А потом что-то сломалось, что-то пошло не так; калейдоскоп разбился, а в нем – всего-то: горсть тусклых стекляшек, картон да огненные с изнанки полоски зеркал. Мир начал съеживаться в размерах и чахнуть, трава пошла на убыль, потолок опустился вниз, проступили границы, счастливые игры забылись. И вечерние туманы, и волки, и лес оказались намалеваны на холсте, небрежно натянуты на деревянные рамы, прислонены к холодной стене. Взрослые нарушили все правила и умерли: отца перечеркнуло красной военной чертой, мать съежилась и погасла, лица их расплылись в дрожащей сетке дождя. Вцепилась, удержалась, осталась одна бабушка. И перед Наташей легла барьером, встала частоколом бабы-яги непроглядная черная юность: кривые тупики, позорные помыслы, отвратительные догадки.
Небо молчало, земля умерла. Тысячелетиями шли слякотные дожди. Наташа волочила разбухающий котел тела, неловко ступая разлапистыми ногами – их пять, их семь, они лишние; из зеркала смотрели на нее тяжелые, неповоротливые глаза на густом, резиновом лице.

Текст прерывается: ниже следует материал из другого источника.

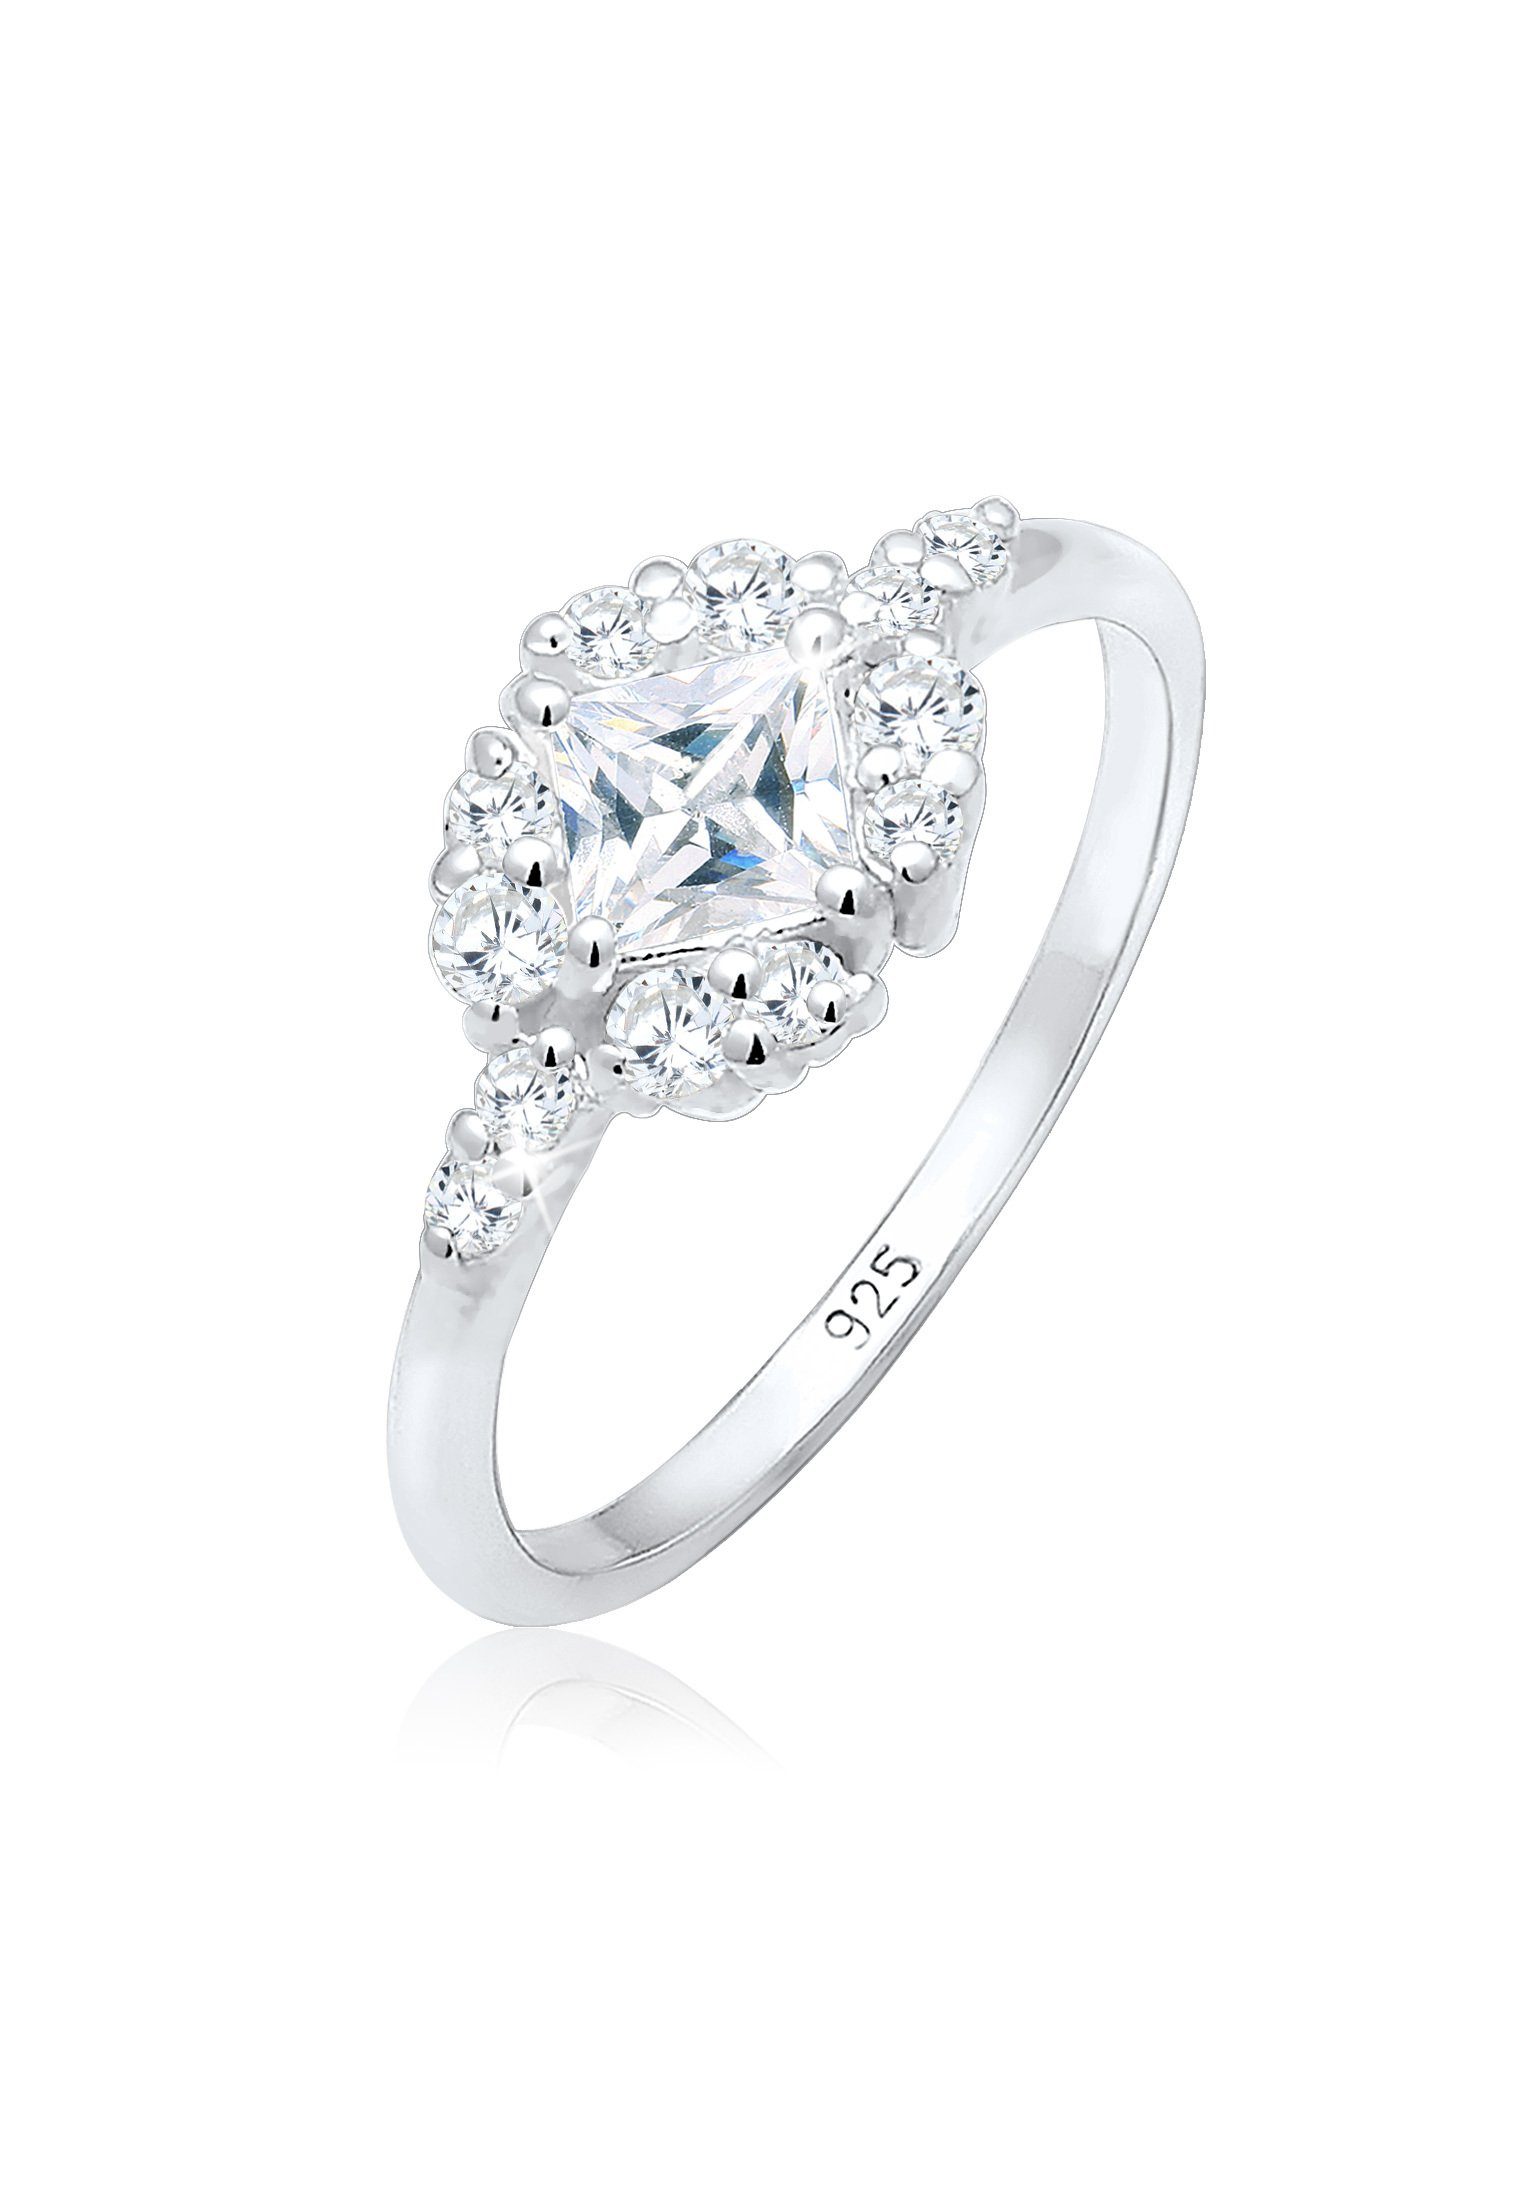 Silber, Verlobungs-Ring Sterling 925 Kristall Zirkonia Elli aus Verlobung Silber Steine Premium Verlobungsring 925 Romantisch

Люди ходили по пояс в грязи, скрывая под одеждой смрад и язвы, и все они думали об одном. И с содроганием догадываясь о женской своей, нечистой, звериной породе, Наташа ночью и днем чувствовала, как снизу, в живот, в незащищенные недра дует и дует поганый ветер.
Начали ей сниться молчаливые теснины, замурованные подземелья, лестницы с проваливающимися ступенями. Каждую ночь, обрывая ногти, отдирала Наташа холодные войлочные двери, и за одной из дверей мертвый отец, разевая огромную пасть, выдувал пепельными губами чудовищный черный пузырь – адский воздушный шарик.
И Наташа лежала часами, накрывшись с головой одеялом, чтобы ни люди, ни звезды не разглядели топкую помойку, гнилостными грибами корчащуюся в ее душе, не распознали то, о чем не говорят.
В это время стал захаживать Коновалов.
Он приходил с мороза, аккуратно обсушивал платком тающий в тепле нос, пронзительно глядел голубыми глазами, потирал руки, дружил с бабушкиными ватрушками: Наташа его привлекала. Коновалов помогал бабушке деньгами, давал советы насчет Наташиного будущего, двигал мебель, высоко под потолком ввинчивал бледные лампочки и даже, смущаясь, преподнес царский подарок: дешево снял им на лето дачу. И Наташа ждала, когда скрипнет дверь из общего коридора, дрогнут пыльные матерчатые бубенчики портьер и, неся в глазах голубой вопросительный огонь, войдет Коновалов.
Но Коновалов был чист, а Наташа грязна, и она захлопывала все заслонки, замуровывала все лазейки, стояла глухой черной башней, и голубые вспышки Коновалова гасли на ее холодной поверхности.
Растерянным соколом озирался Коновалов, описывал круги, щелкал клювом, а потом неохотно взмыл и скрылся за синим лесом. Больше уж после ее никто не любил.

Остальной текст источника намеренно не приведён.